Круг Матарезе - Ладлэм Роберт. Страница 80

– А что случилось с Ворошиным?

– Он, как я уже сказал, был приговорен новой властью к расстрелу. Его имя встречалось в расстрельных списках. Но если мне не изменяет память, ему удалось бежать. По-моему, я натыкался на его фамилию в перечне тех, кто исчез.

– А почему вы запомнили это? Ведь многие были приговорены к расстрелу и многим удавалось бежать. Почему именно на Ворошиных остановилось ваше внимание?

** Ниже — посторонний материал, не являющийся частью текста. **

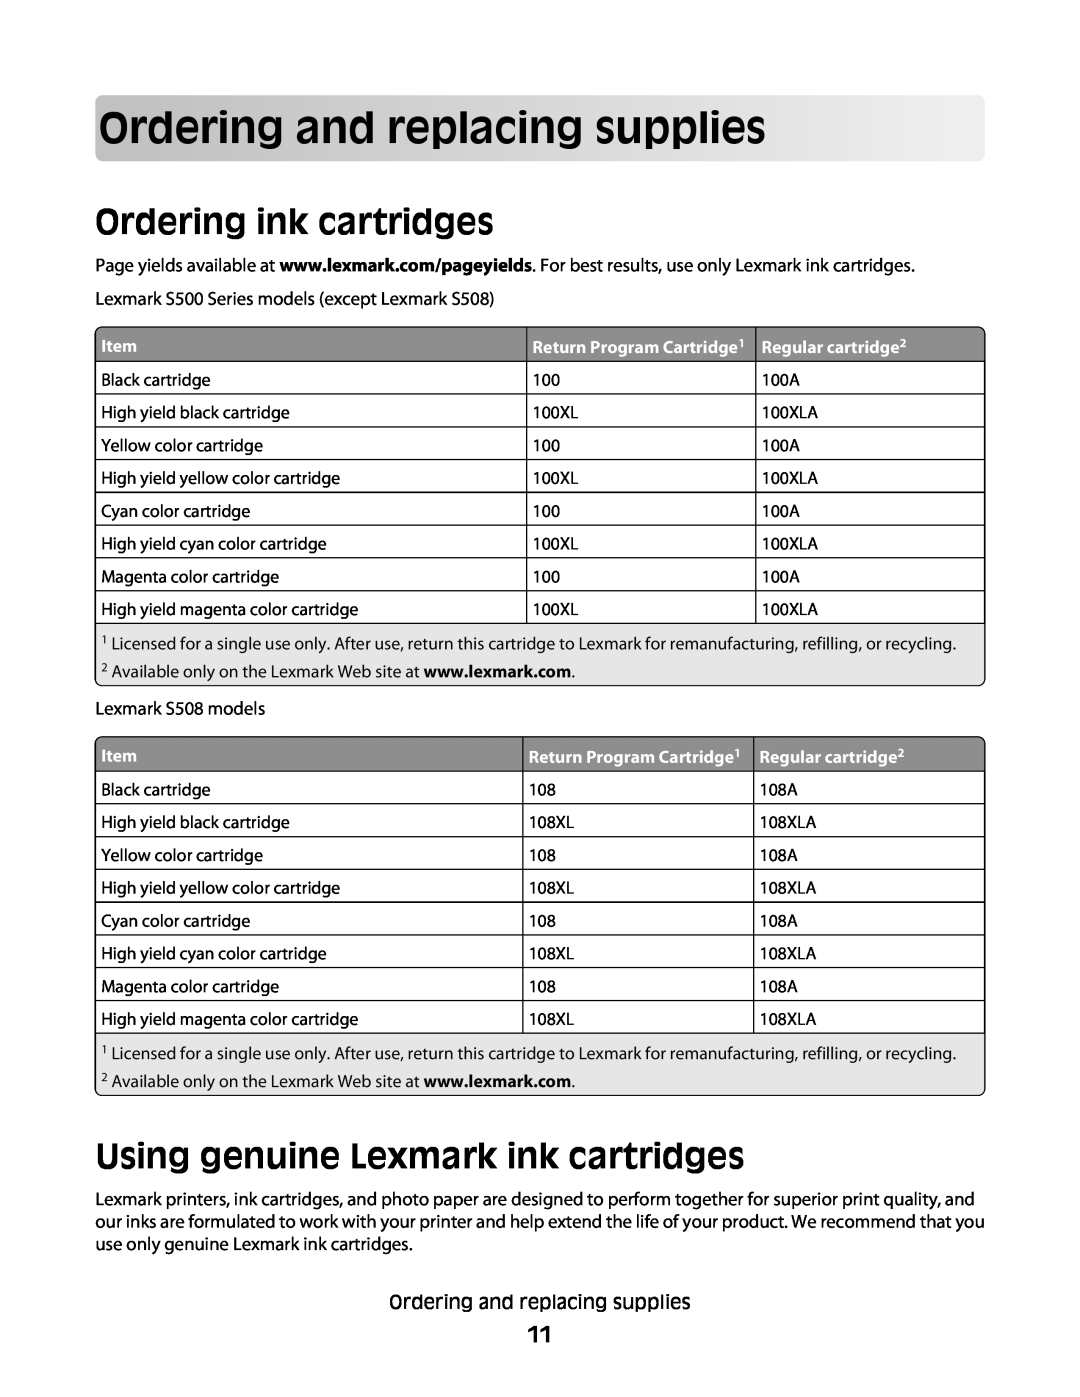 Lexmark 301, S500, 30E manual Orderin g and replacingsupplies, Ordering ink cartridges, Using genuine Lexmark ink cartridges

– Их невозможно забыть по многим причинам. Ведь не каждый день русский царь называл своих дворян мздоимцами и ворами и пытался так или иначе уничтожить их. Отец и дед князя занимались торговлей рабами, были связаны с Китаем и Африкой и, соответственно, с американским Югом. У них были большие капиталы в Имперском банке, они великолепно и с пользой для себя манипулировали огромными суммами и преуспели в разорении многих семейств. Говорят, что когда Николай II тайно удалял Андрея Ворошина от двора, то якобы сказал ему: «Если в один трагический день Россия и станет добычей каких-нибудь вселенских маньяков, то это случится только благодаря таким людям, как ты. Это вы помогаете им держать нас за горло». Разговор этот состоялся за несколько лет до революции.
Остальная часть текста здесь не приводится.